Letzteres ist die Legitimation für eine Arbeit am Imaginären der Videoüberwachung, ohne dabei die Realität der Überwachung aus den Augen zu verlieren. Neben kultur- und medienwissenschaftlichen Analysen werden ebenso Ergebnisse der Kriminologie, der Sozialwissenschaften und der sich gerade etablierenden Surveillance Studies zugrunde gelegt. Der Einblick in die unterschiedlichen Disziplinen ist durchweg fundiert, kritisch und gut lesbar. Darin liegt die besondere Qualität des Buches.

Die insgesamt acht Kapitel widmen sich dabei je einer Fragestellung. Kapitel eins nimmt eine kulturhistorische Perspektive ein und versteht sich als Vorgeschichte der Videoüberwachung.
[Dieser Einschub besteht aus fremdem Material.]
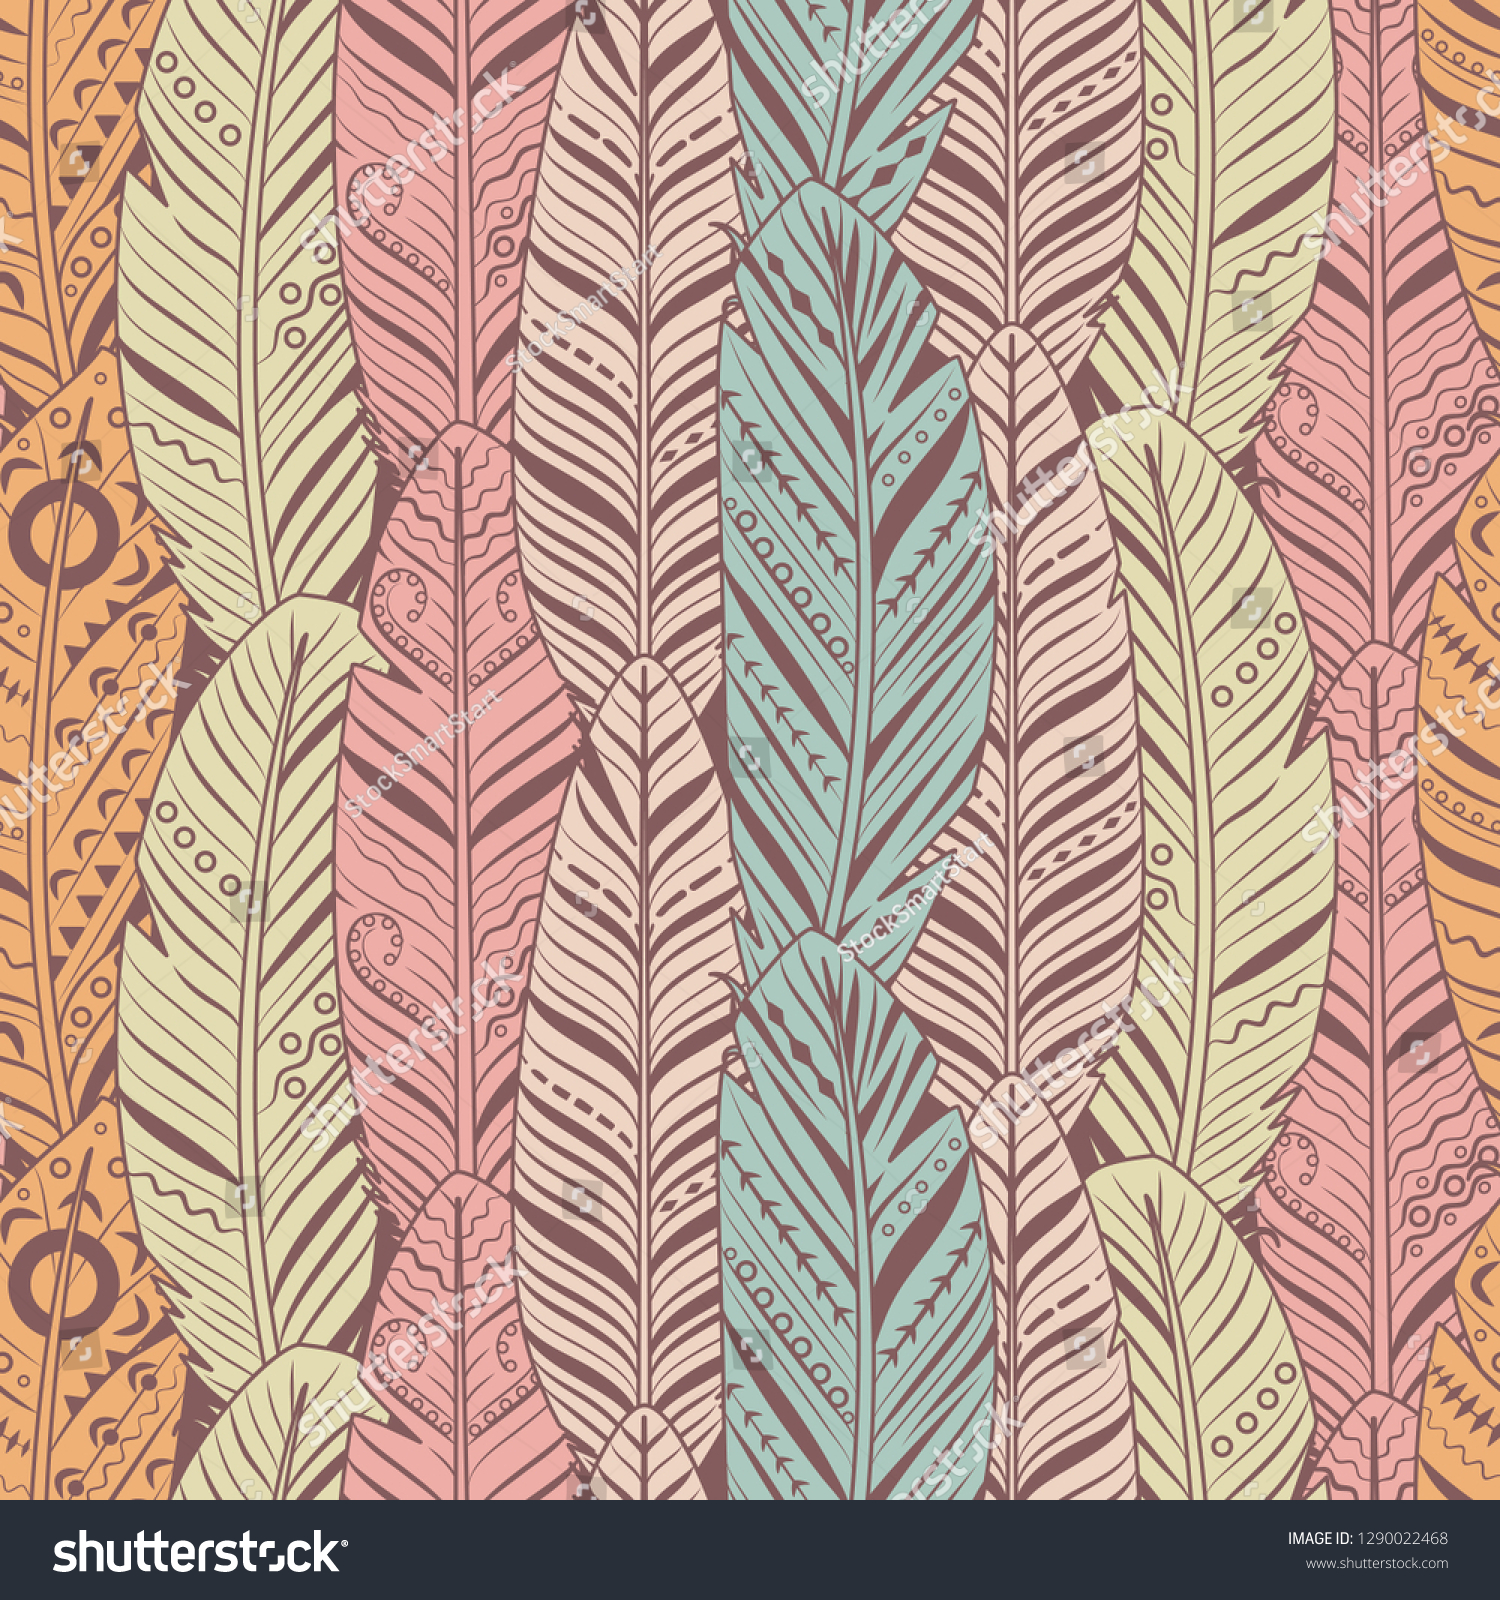 Hand Drawn Feathers Seamless Pattern Vintage Stock Vector Royalty

In drei exemplarischen Abschnitten werden polizeilich-erkennungsdienstliche Verfahren vorgestellt: Erstens die Einführung der Straßenbeleuchtung in den Städten Ende des 17.Jahrhunderts, die zunächst als Maßnahme der Herrschaftssicherung dient, bevor sie zu einem anerkannten Allgemeingut wird. Zweitens die Standardisierung der Verbrecherfotografie durch Bertillon in den 1880er Jahren, mithilfe derer die Devianz von Verbrechern sichtbar gemacht und ihre Identität festgestellt werden soll. Drittens der Fingerabdruck, mit dessen Hilfe ab 1900 die Identifikation und der Nachweis von Täterschaft erleichtert wird. Alle drei Verfahren finden gegenwärtig in der Videoüberwachung ihre Aktualisierung.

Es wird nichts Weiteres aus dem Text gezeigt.